Research article 06 Feb 2019

Research article | 06 Feb 2019

Review status
This discussion paper is a preprint. It is a manuscript under review for the journal Atmospheric Measurement Techniques (AMT).

A new method to determine the aerosol optical properties from multiple wavelength O4 absorptions by MAX-DOAS observation

Chengzhi Xing1, Cheng Liu1,2,3,7, Shanshan Wang4,5, Qihou Hu3, Haoran Liu1, Wei Tan3, Wenqiang Zhang3,6, Bo Li1, and Jianguo Liu2,3 Chengzhi Xing et al.
  • 1School of Earth and Space Sciences, University of Science and Technology of China, Hefei, 230026, China
  • 2Center for Excellence in Regional Atmospheric Environment, Institute of Urban Environment, Chinese Academy of Sciences, Xiamen, 361021, China
  • 3Key Lab of Environmental Optics & Technology, Anhui Institute of Optics and Fine Mechanics, Chinese Academy of Sciences, Hefei, 230031, China
  • 4Shanghai Key Laboratory of Atmospheric Particle Pollution and Prevention (LAP3), Department of Environmental Science and Engineering, Fudan University, Shanghai, 200433, China
  • 5Shanghai Institute of Eco-Chongming (SIEC), No.3663 Northern Zhongshan Road, Shanghai, 200062, China
  • 6School of Environmental Science and Optoelectronic Technology, University of Science and Technology of China, Hefei, 230026, China
  • 7Anhui Province Key Laboratory of Polar Environment and Global Change, USTC, Hefei, 230026, China

Abstract.
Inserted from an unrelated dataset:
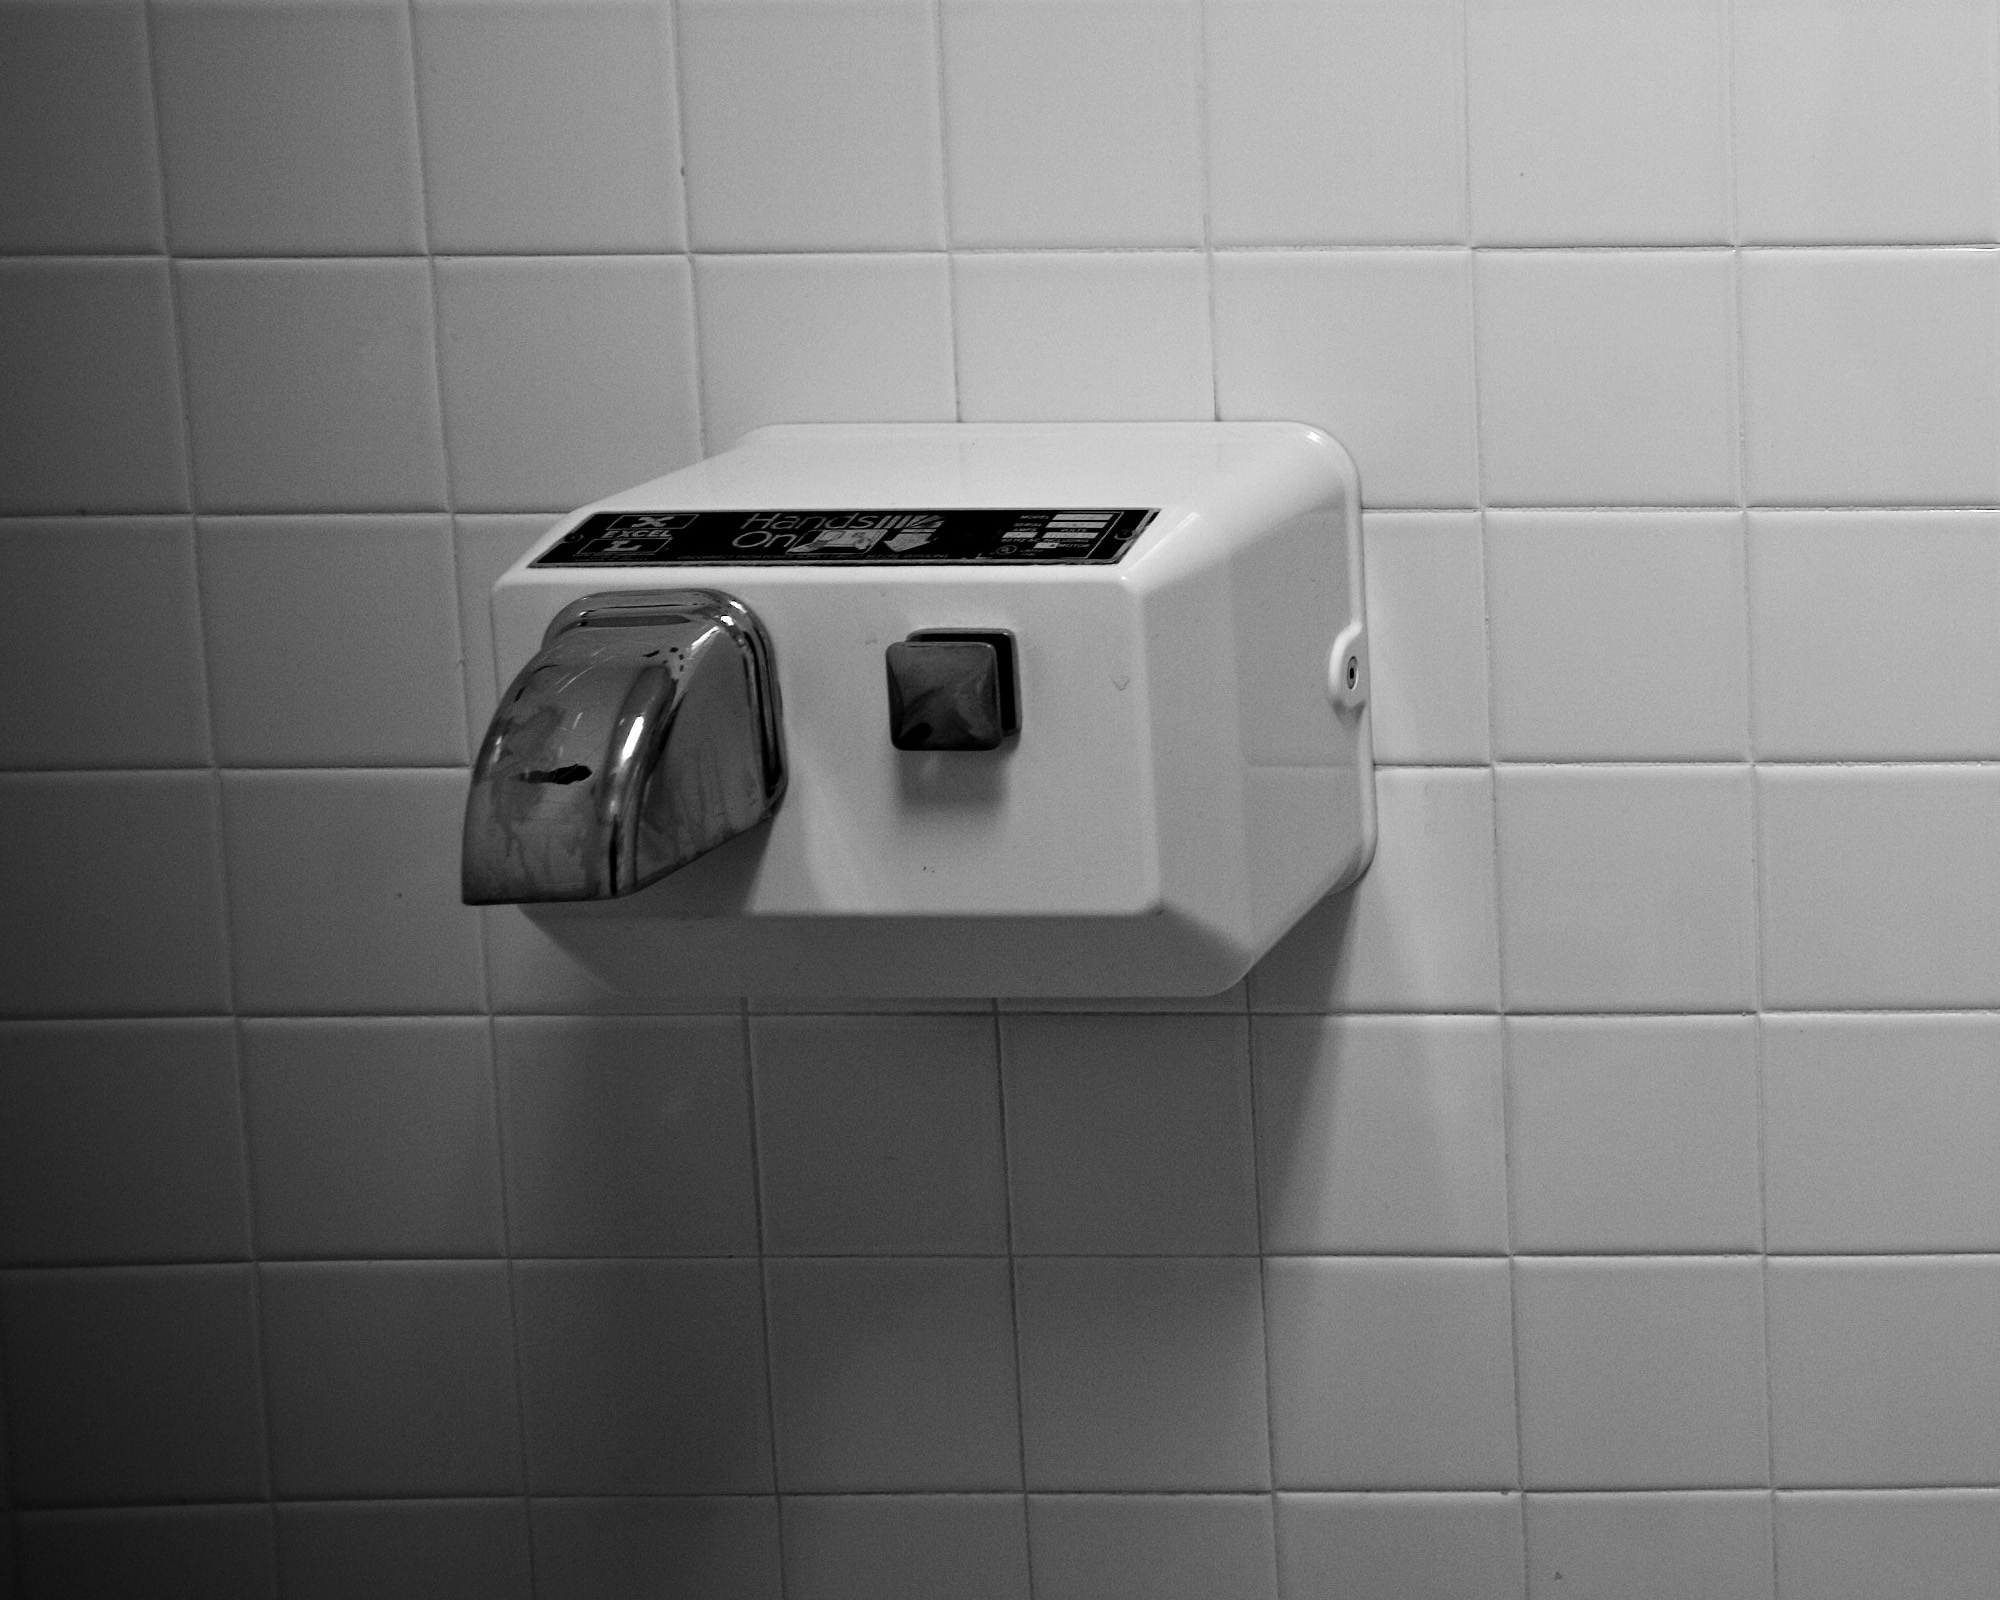 Bathroom Hand Dryers Spray Feces Particles On Your Hands

Ground based Multi-AXis Differential Optical Absorption Spectroscopy (MAX-DOAS) observation was carried out from November 2016 to February 2017 in Beijing, China to measure the O4 absorptions in UV and visible bands and further to illustrate its relationship with aerosol optical properties (AOPs) under different the weather types. According to relative humidity, visibility and PM2.5, we classified the observation periods into clear, non-haze, haze, heavy-haze, fog and rainy five different weather conditions. There are obvious differences for measured AOPs under different weather conditions, especially scattering coefficient (σsca) and absorption coefficient (σabs). It was also found that both the O4 Differential Slant Column Densities (DSCDs) at UV and visible bands varied in the order of clear days > non-haze days > haze days > heavy-haze days > fog days. The correlation coefficients (R2) between O4 DSCDs at 360.8 and 477.1 nm mainly varied in the order of clear days > non-haze days > haze days > heavy-haze days. Based on the statistics of O4 DSCDs at elevation angle 1o with the corresponding linear regression between UV and visible bands of segmental periods, the relationships between O4 DSCDs and AOPs were established. It mainly should be clear or non-haze days when the correlation slope is greater than 1.0, correlation coefficient (R2) greater than 0.9 and O4 DSCDs mainly greater than 2.5 × 1043 molec cm−2. Meanwhile, σsca and σabs are less than 45 and 12 Mm−1, respectively. For haze or heavy-haze days, the correlation slope is less than 0.6, R2 less than 0.8 and O4 DSCDs mainly less than 1.3 × 1043 molec cm−2, under which σsca and σabs are mainly located at 200–900 and 20–60 Mm−1. Additionally, the determination method was well validated based on another MAX-DOAS measurement at Gucheng from 19 to 27 November 2016. For more precise and accurate inversion of AOPs, more detailed look-up tables for O4 multiple wavelength absorptions need to developed. Furthermore, the vertical spatial-resolved aerosol scattering and absorption information is worthy of being expected by using DSCDs at different elevation angles.

Chengzhi Xing et al.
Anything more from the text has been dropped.